Health Monitoring: File log receivers capture health status from both Docker events and synthetic checks.
Network Observability: Traefik proxy logs and metrics provide request routing visibility.
Multi-Platform Support
Vendor Flexibility
The OpenTelemetry foundation supports simultaneous export to multiple platforms:
Supported Platforms:
- SigNoz: Open-source, OpenTelemetry-native platform (current primary)
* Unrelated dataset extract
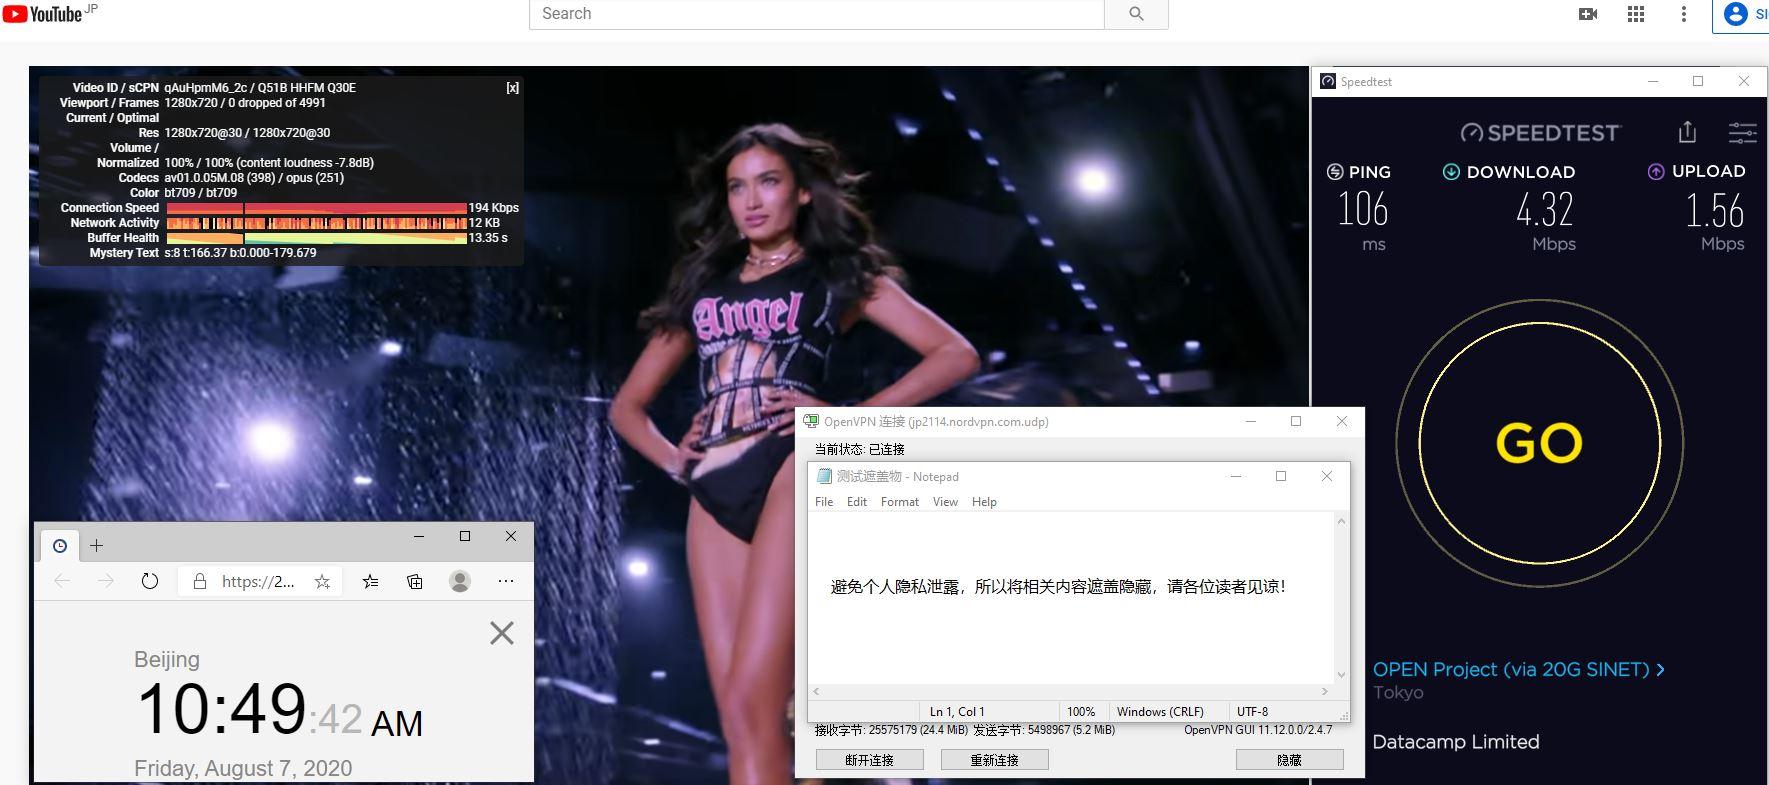 Windows10 NordVPN Open VPN GUI jp2114 中国VPN 翻墙 科学上网 翻墙速度测试 - 20200807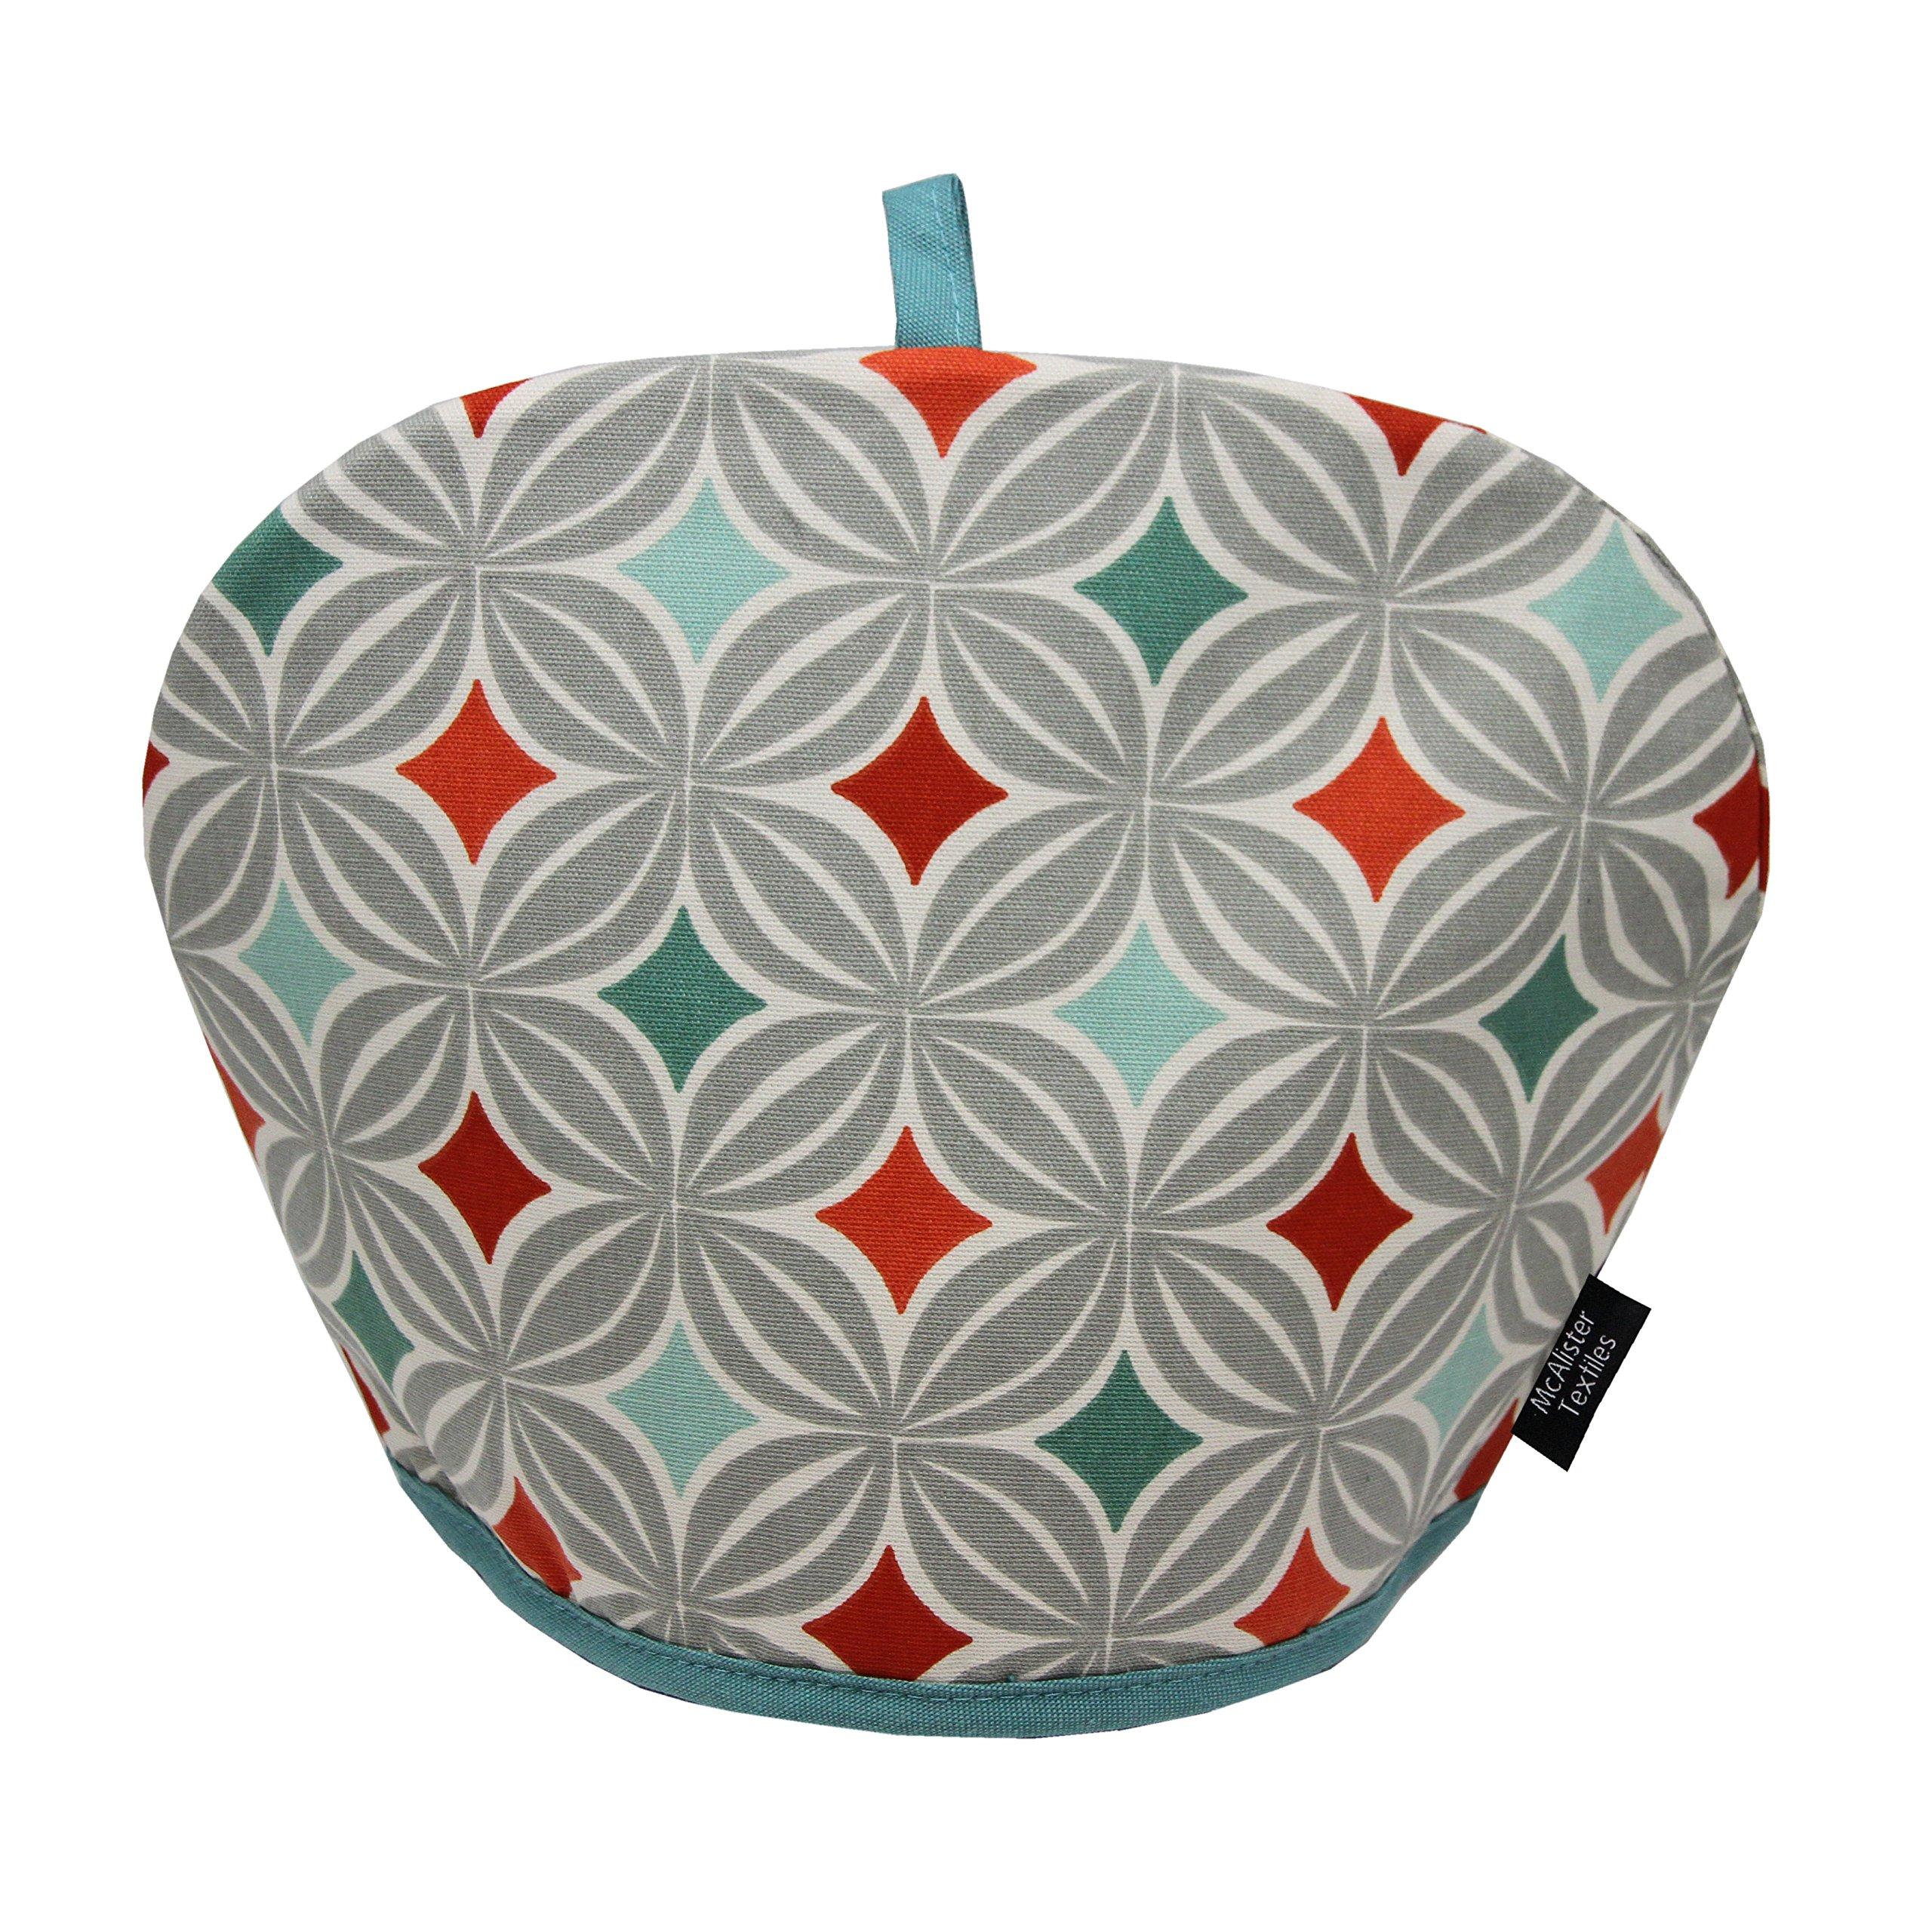 McAlister Laila Designer Decor Tea Cozy Kettle Cover | Terracotta Burnt Orange 100% Cotton | Modern Scandinavian Minimalist Accent

- Datadog: Commercial APM with comprehensive capabilities
- Grafana Cloud: Managed Prometheus, Loki, and Tempo
- New Relic: Application performance monitoring with AI insights
- Prometheus: Open-source time-series database
- Elasticsearch/ELK: Log analytics and search platform
- Splunk: Enterprise SIEM and observability platform
Adding Export Destinations
New observability platforms require only collector configuration changes:
- Define exporter in collector configuration
- Add exporter to relevant pipelines
- Configure authentication via environment variables
No application code changes required.
Security
Secure Transmission
All telemetry exports use TLS encryption preventing interception or tampering.
Access Control
Collector configuration and access restricted to infrastructure administrators. Application services emit telemetry through defined interfaces without collector access.
Secret Management
Authentication keys managed via environment variables, separate from configuration files, enabling secure secret rotation.